Black Soul, White Heart (Black Hat Bureau 3.50)
3
Keep your head down. Keep your mouth shut. Keep your opinions to yourself.
That was the warning John greeted me with after the horror of my appearance sank in.
But this patron made it hard to obey him, and besides, I had never been good at obedience. Still, I was in quite enough trouble, thank you very much, without compounding it by costing the family money.
“I heard a rumor,” the stranger continued on, as if he had every right to ask whatever he pleased, “that the Winterbournes will soon have cause to celebrate.” He lifted a sprig of rosemary from a bin and twirled it between his fingers, releasing its bright scent. “A wedding, I believe.”
“You’re mistaken.” I was grateful for it too. “The Winterbournes aren’t expecting the family to swell anytime soon.”
Not until my next birthday, which was months away, thank the goddess.
Time enough for one gasp of freedom before a wedding vow choked the oxygen from my lungs.
“Perhaps I was wrong,” he allowed. “Except I heard mention of Charles and the girl.” The way he said the girl, as if it pained him to ask after her, perked my interest. “Amalthea.”
But then his meaning sank in, and Meg and I burst into laughter, clutching our stomachs and whooping at the mental picture. Our families were tolerant, far more lenient than most, but even they might arch an eyebrow should I decide to wed Meg while she maintained the guise of a man.
Though, now that I thought about it, what better way was there to secure both our futures? I would be granted the independence of a married woman, and she would be validated as a virile man with a wife at home. Our covers would be secure with one another, no need to explain messy details like witch or warg to any future lovers.
Hmm.
Perhaps I ought to consider being a lawyer’s wife.
“I’m single, I assure you.” Meg wiped tears off her cheeks. “I love Amalthea, I do, but as a sister.”
“There’s nothing romantic between you,” he pressed, voice coarse as shale. “You’re only friends?”
Unable to curb my tongue, I heard the question as if someone else had asked it. “Why does it matter?”
“It doesn’t,” he said, cold seeping into his tone. “She doesn’t.”
Temptation and I were on a first-name basis, and I caved to the desire to know this man’s face, the better to imagine smashing my fist into his jaw for his impertinence.
I raised my head, locked gazes with him, and an exhale punched out of him as if I had indeed struck him.
His eyes were chocolate brown, the bitter kind requiring a connoisseur’s palate to appreciate. But his hair was golden, curled in natural ringlets, and might have saved him from appearing so severe, had his mouth not gotten involved. His lips were cruel slashes across his face, matching the words he flung like daggers eager to draw blood.
For all his talk of the girl, he was my age. A boy. On the cusp of a life in his sole control. I envied him that. Just as I envied Meg. But today’s rebellion had taught me for certain I was a failure as a man. I had been left to my skirts and corsets for too long.
I moved wrong. I spoke wrong. I even gestured wrong.
Sadly, I was best suited to the role of…girl.

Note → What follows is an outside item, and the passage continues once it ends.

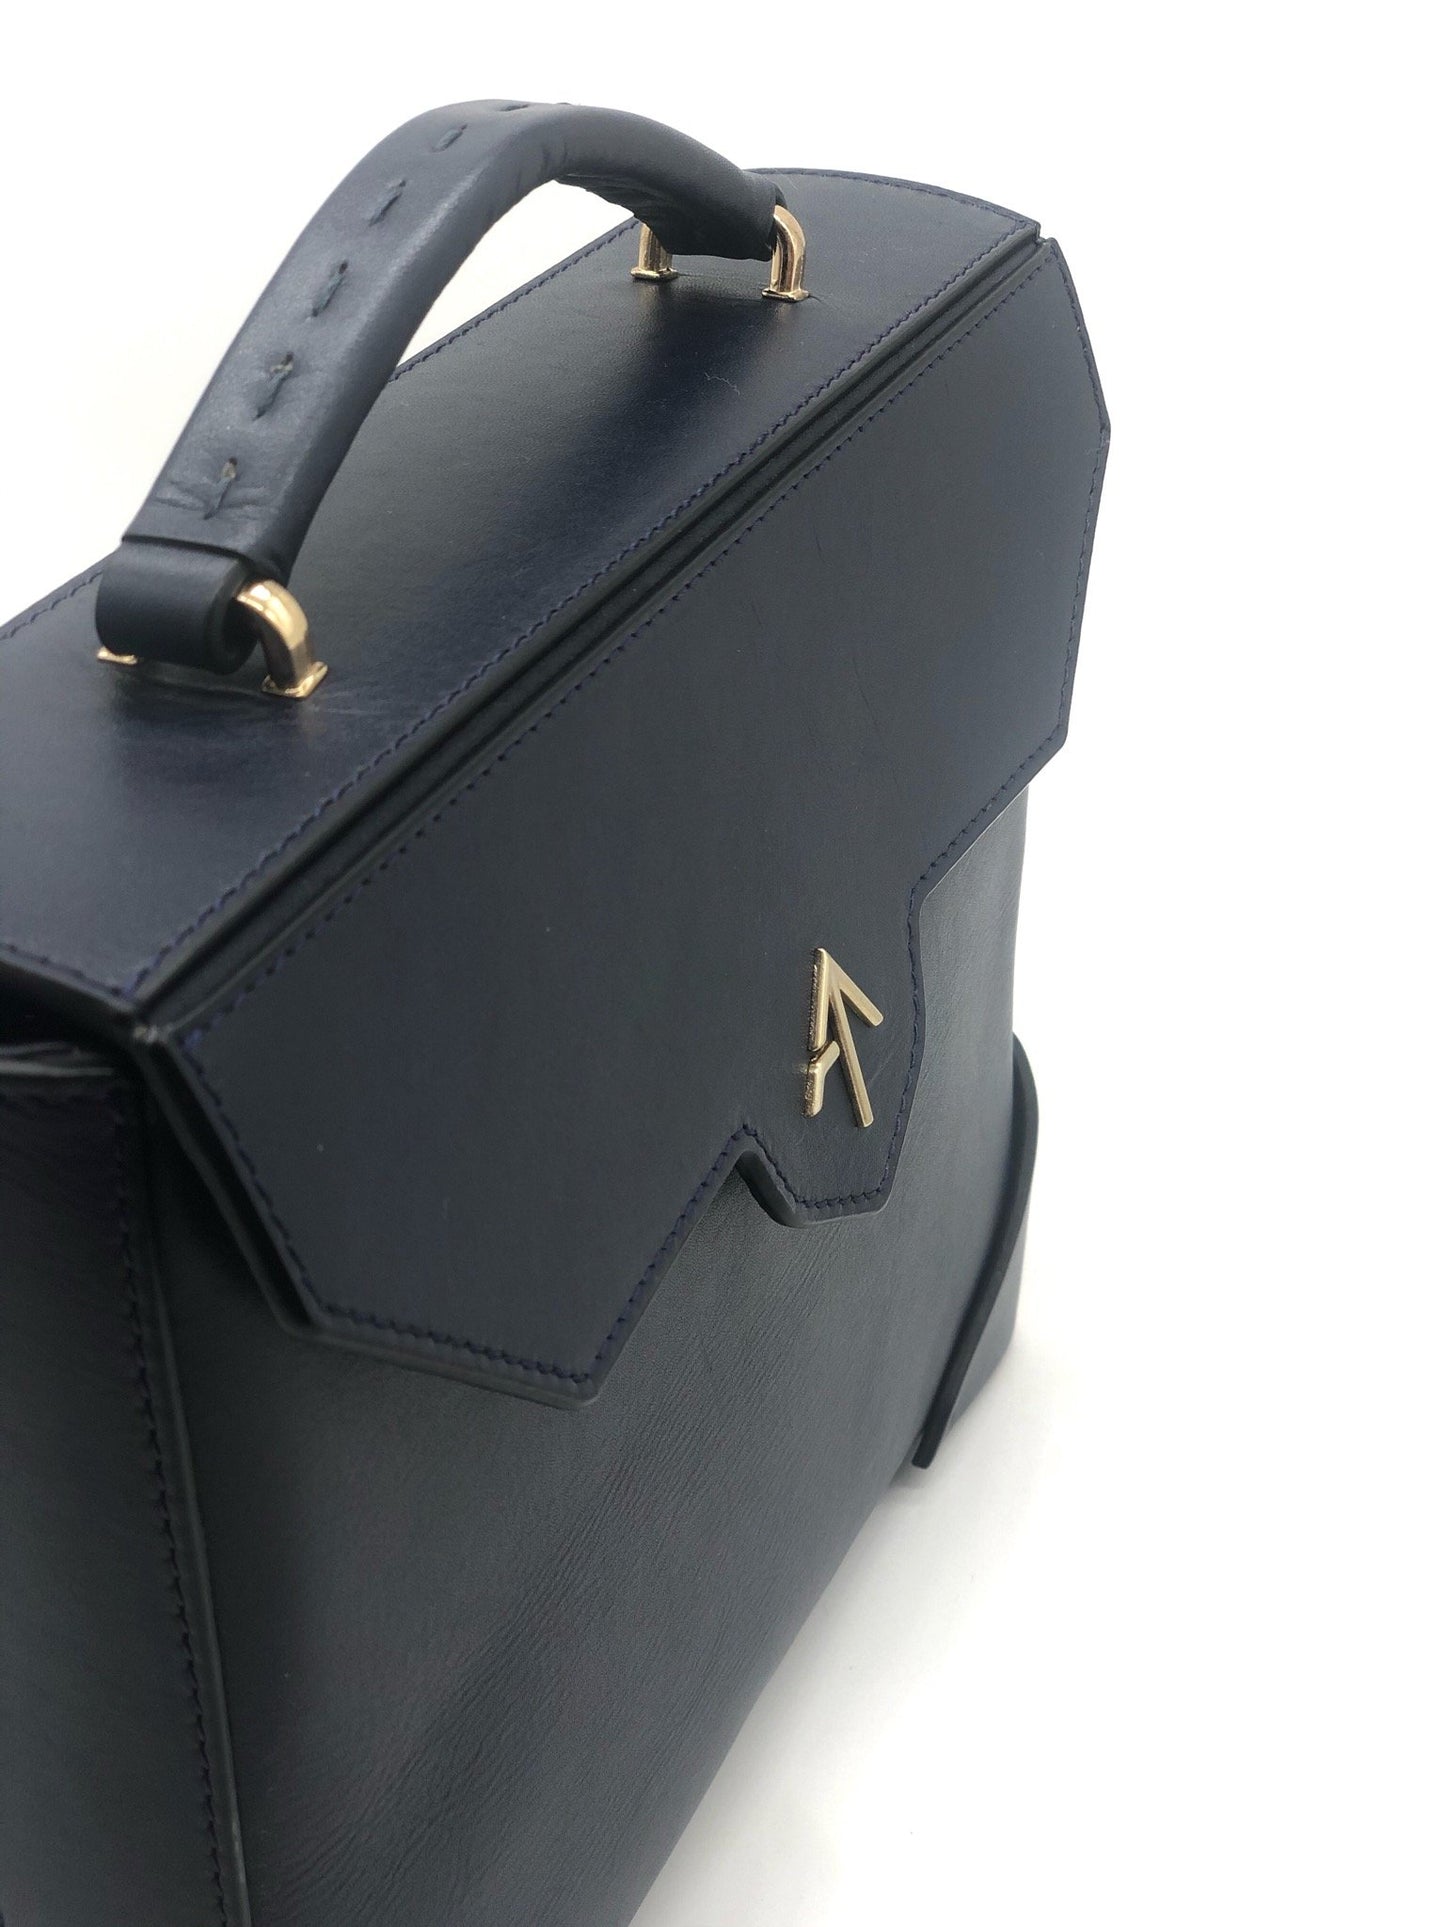 Manu Atelier Mini Bold Leather Box Bag

Which worked out rather well for me, considering the interest sparking in me over this boy.
Every scrap of common sense cautioned me against him, yet every fiber of my being leaned toward him.

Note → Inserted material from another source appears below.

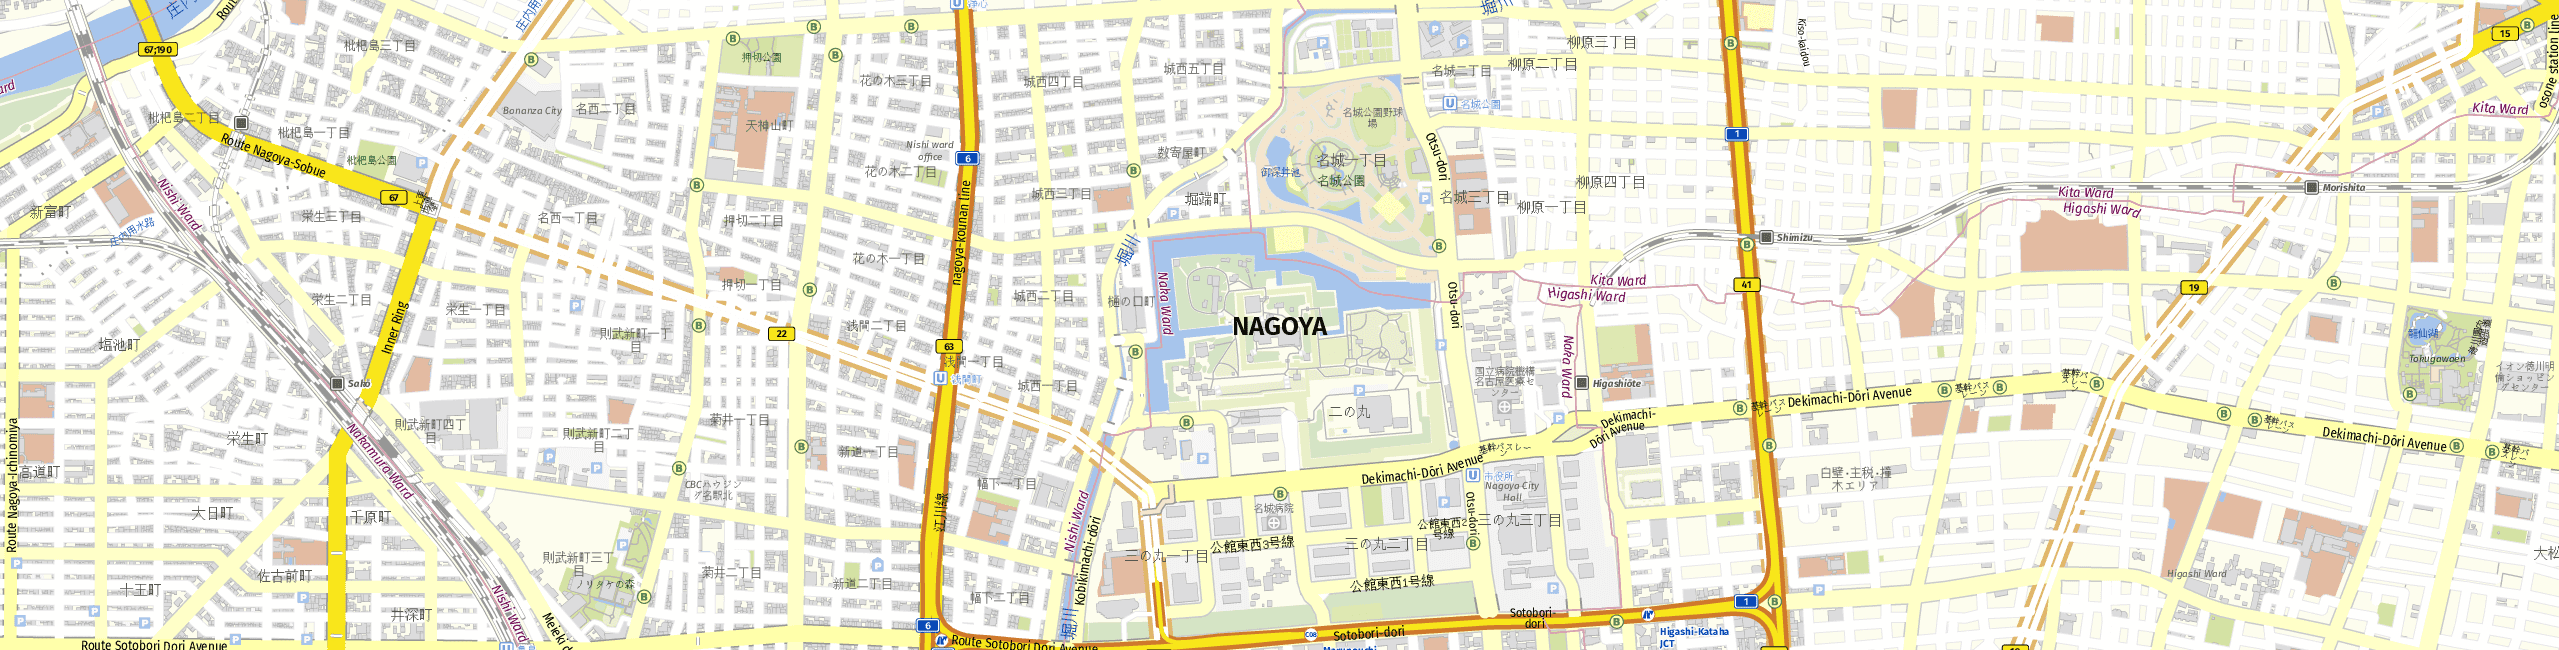 Stadtplan Nagoya zum Downloaden.

“Amalthea,” he breathed, confusion softening the lines of his face. “I didn’t…” His gaze dipped down my outfit. “You’re…” He stepped back, stumbled, as if an unseen force had shoved him. “Pardon me.”
Pivoting on his heel, he turned and left as if a pack of slavering wargs were chasing after him.
“What did you do?” Meg eyed me with respect. “He all but sprinted out of here.”
“I didn’t do anything.” I worried a button on my coat. “He knew my name.”
“He knew more than your name.” She scoffed. “He was fishing for information on you, on us.”